NACL-Private (inbound) — is TCP/8080 from 10.0.1.0/24 allowed inbound? Yes → continue.
sg-app (inbound) — is TCP/8080 from sg-alb allowed? Yes → app receives the request.

Each direction at each boundary is an independent check. Miscounting one of these steps is why "I opened the port but it still does not work" is the most common support ticket on AWS.

Production Best Practices

Name every SG with a clear convention: sg-{env}-{tier}, e.g. sg-prod-app.
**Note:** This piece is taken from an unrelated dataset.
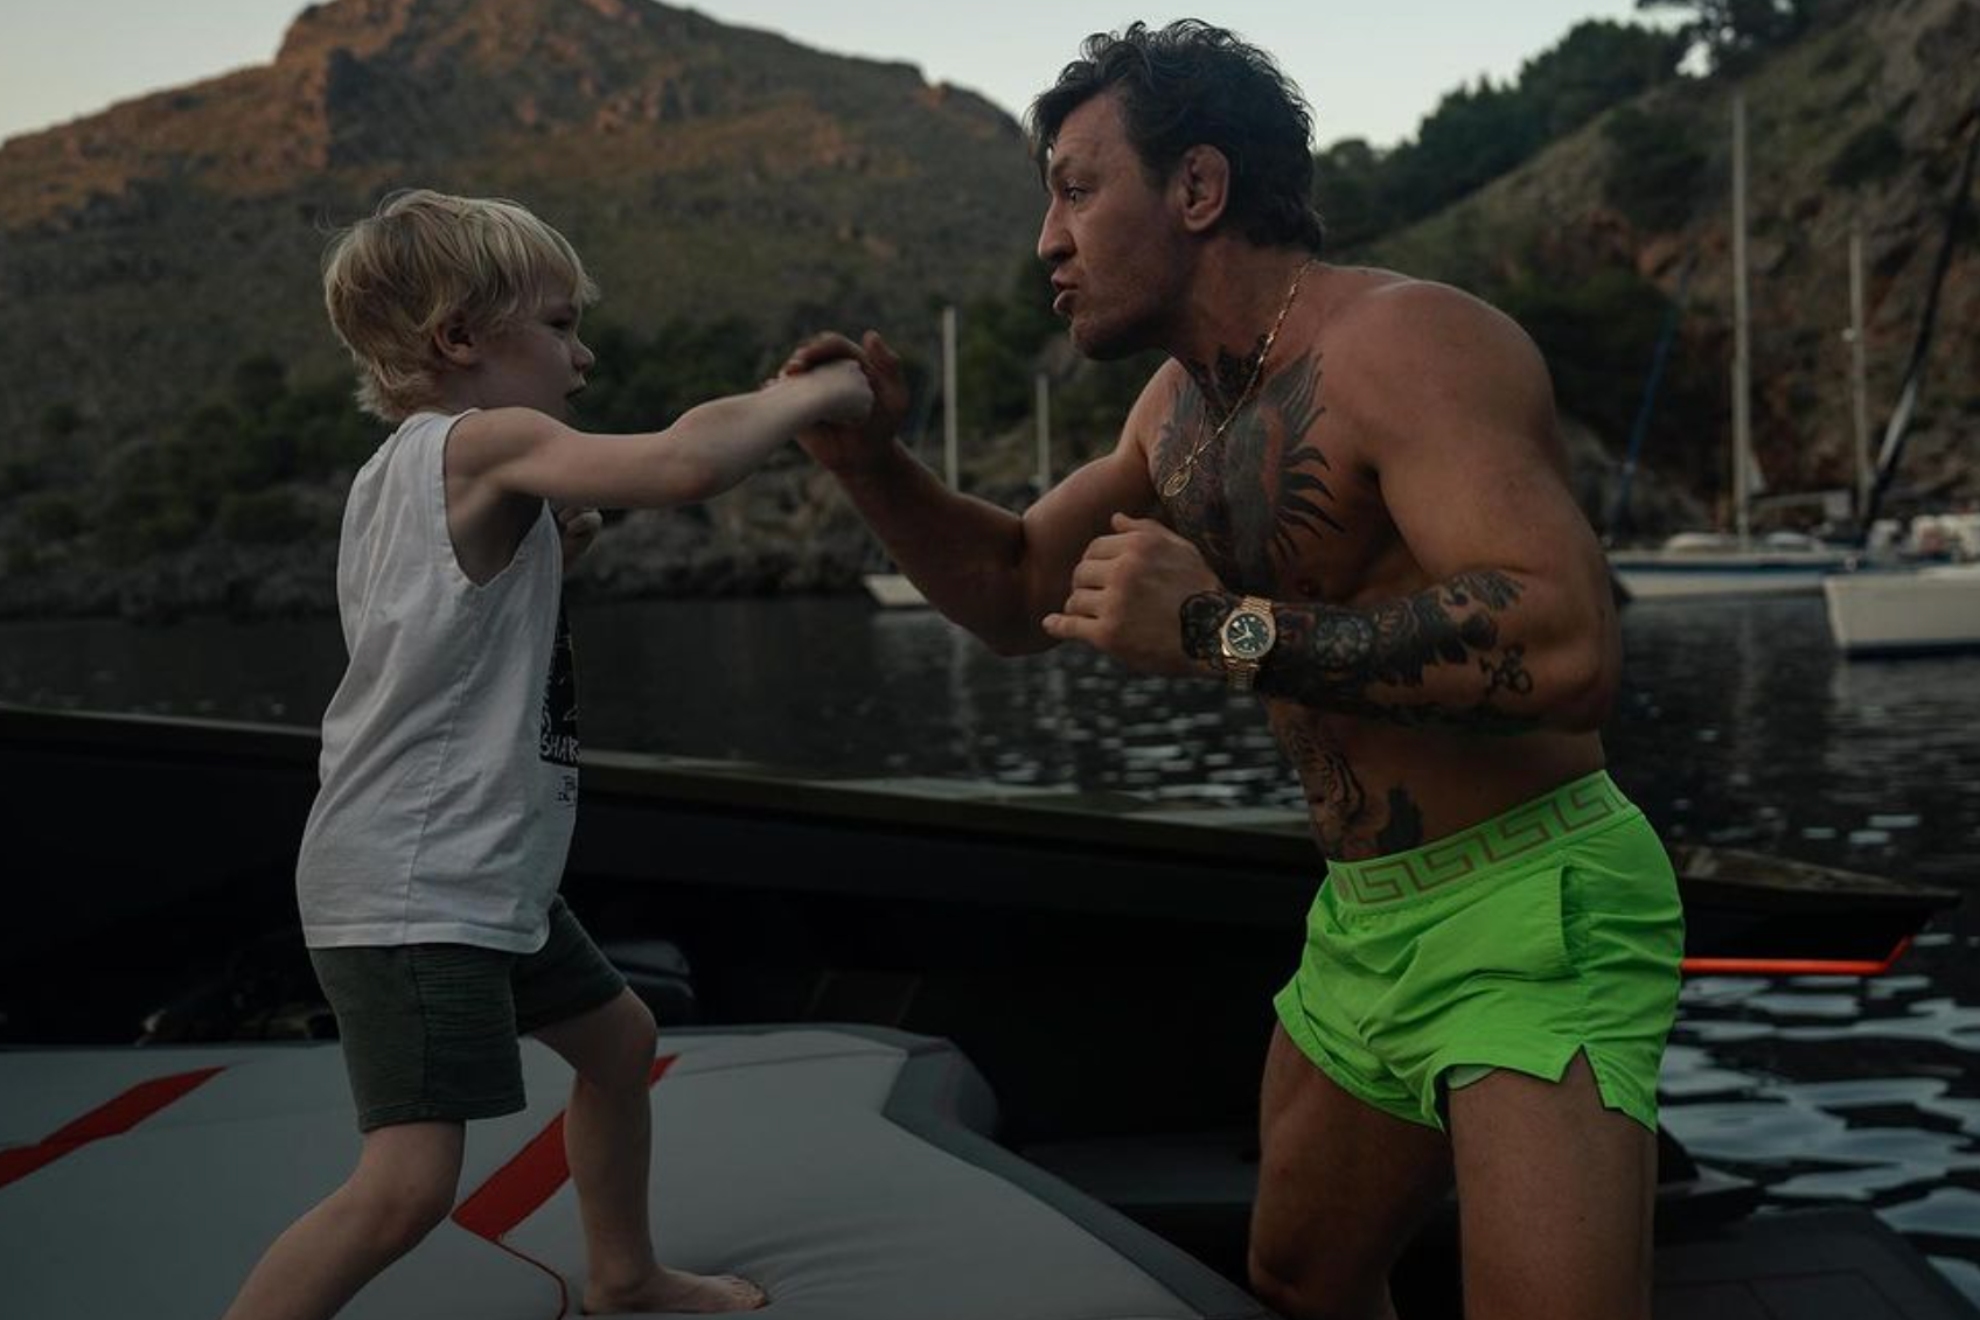 Conor McGregor training with his firstborn
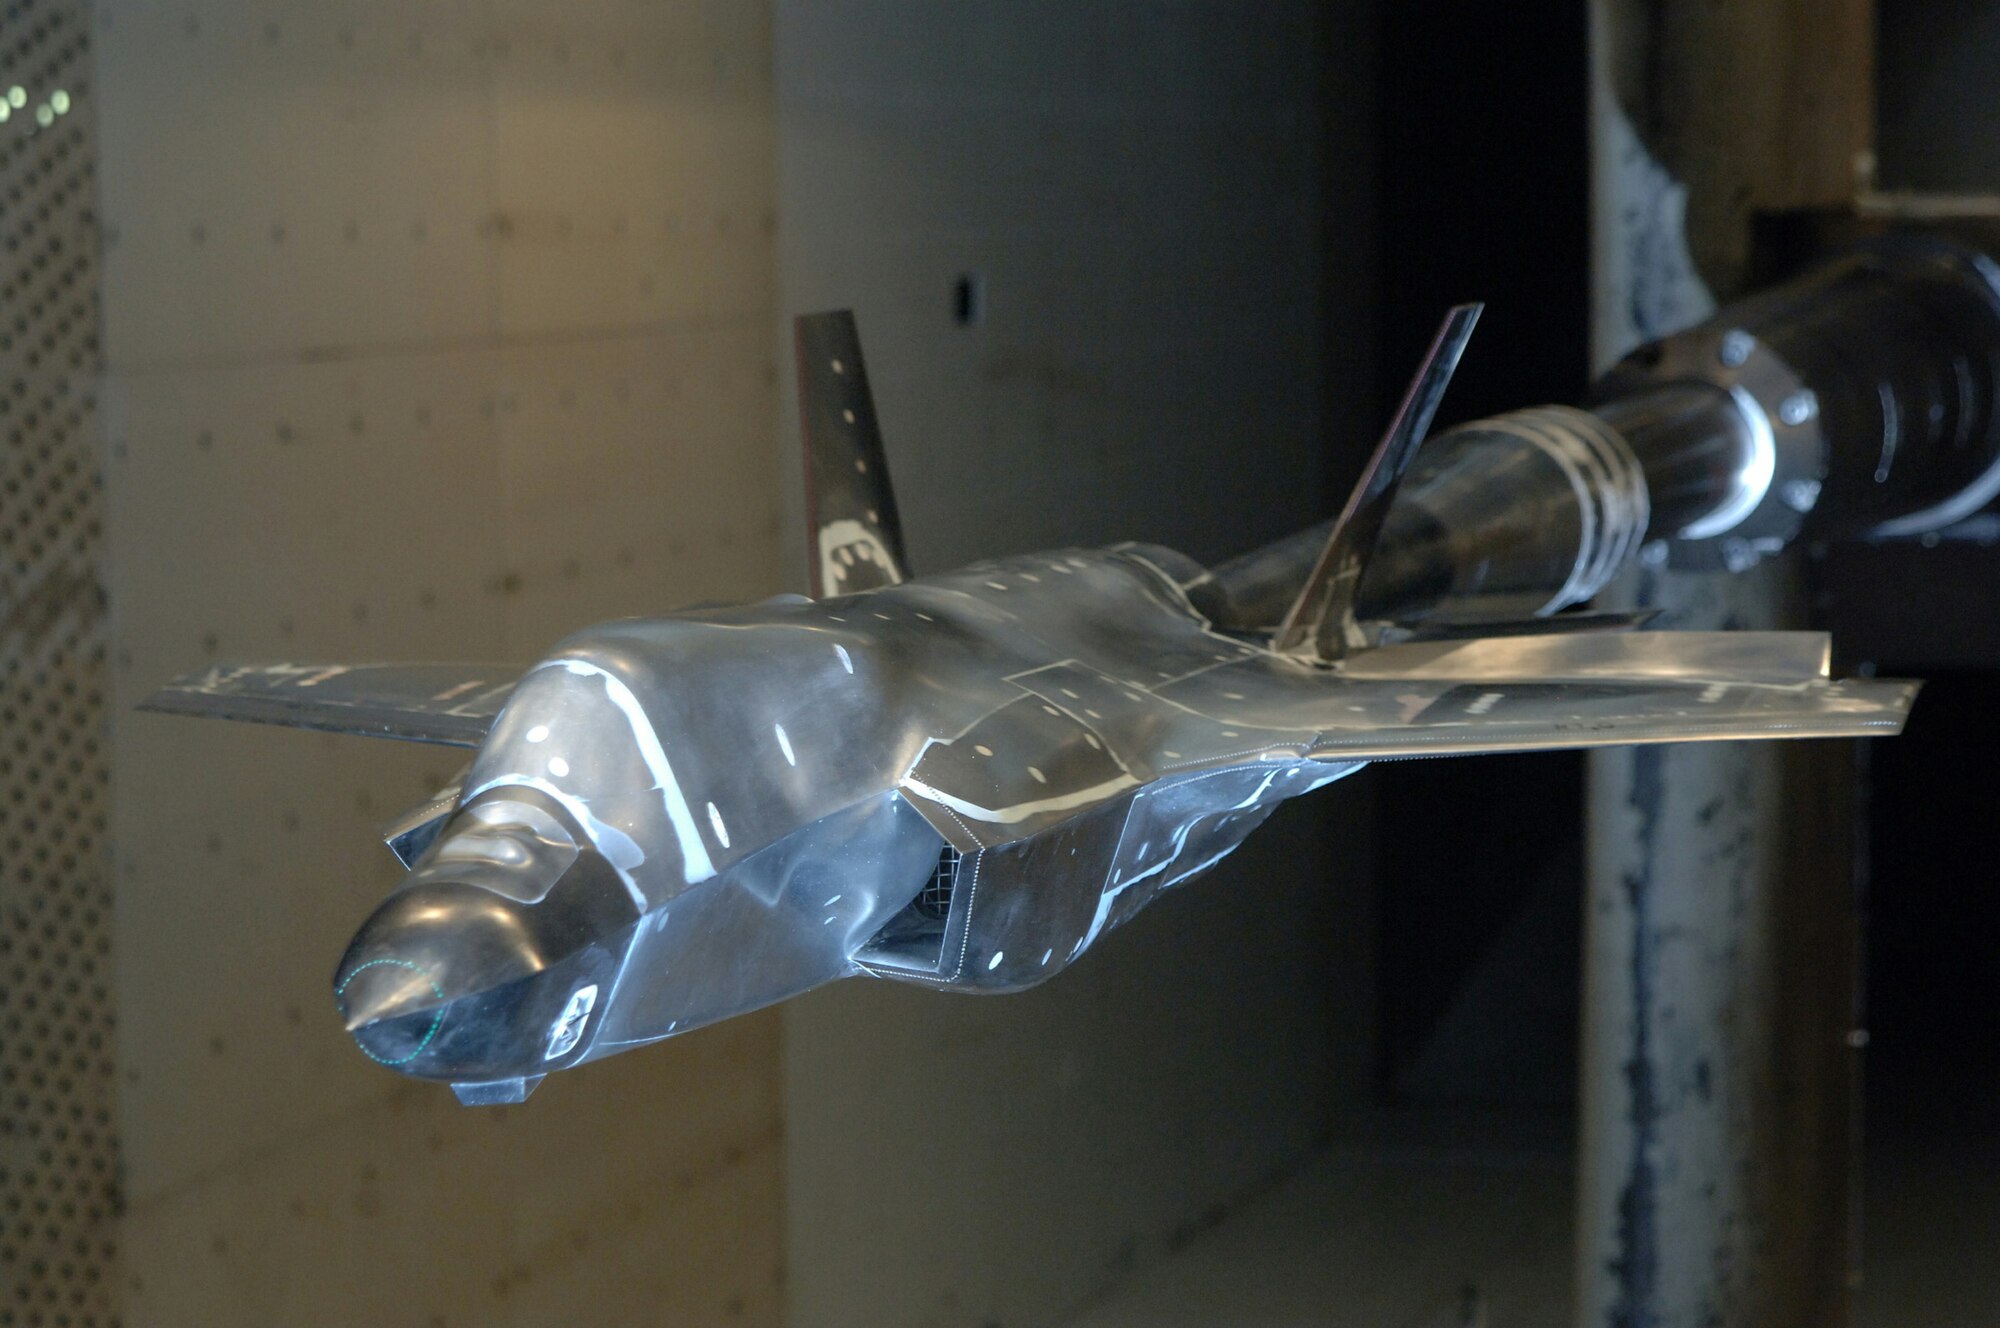 A 12-percent model of the Short Takeoff/Vertical Landing (STOVL) version of the F-35 Lightning II is undergoing aerodynamic loads testing in AEDC’s 16-foot transonic wind tunnel. The information from this testing, the final entry in a series of tests, will go into a large database to refine and validate the aircraft designs for flight testing and ultimately, production of the CTOL and STOVL variants.

Unnamed SGs are a compliance nightmare.
Never use 0.0.0.0/0 in inbound SG rules except for public-facing load balancers (port 443/80 only).
Enable VPC Flow Logs (action: ALL) on every production VPC. Flow logs record which NACL/SG decisions were made and are essential for forensics. Ship them to CloudWatch Logs or S3, then query with Athena.
Use AWS Network Firewall or Gateway Load Balancer with a third-party IDS when you need deep-packet inspection or geo-blocking beyond what NACLs support.
Periodically run aws ec2 describe-security-groups --filters Name=ip-permission.cidr,Values=0.0.0.0/0 in every region to enumerate overly permissive SGs.

# Audit: find all SGs with 0.0.0.0/0 inbound on any port
aws ec2 describe-security-groups \
  --query "SecurityGroups[?IpPermissions[?IpRanges[?CidrIp=='0.0.0.0/0']]].{ID:GroupId,Name:GroupName,VPC:VpcId}" \
  --output table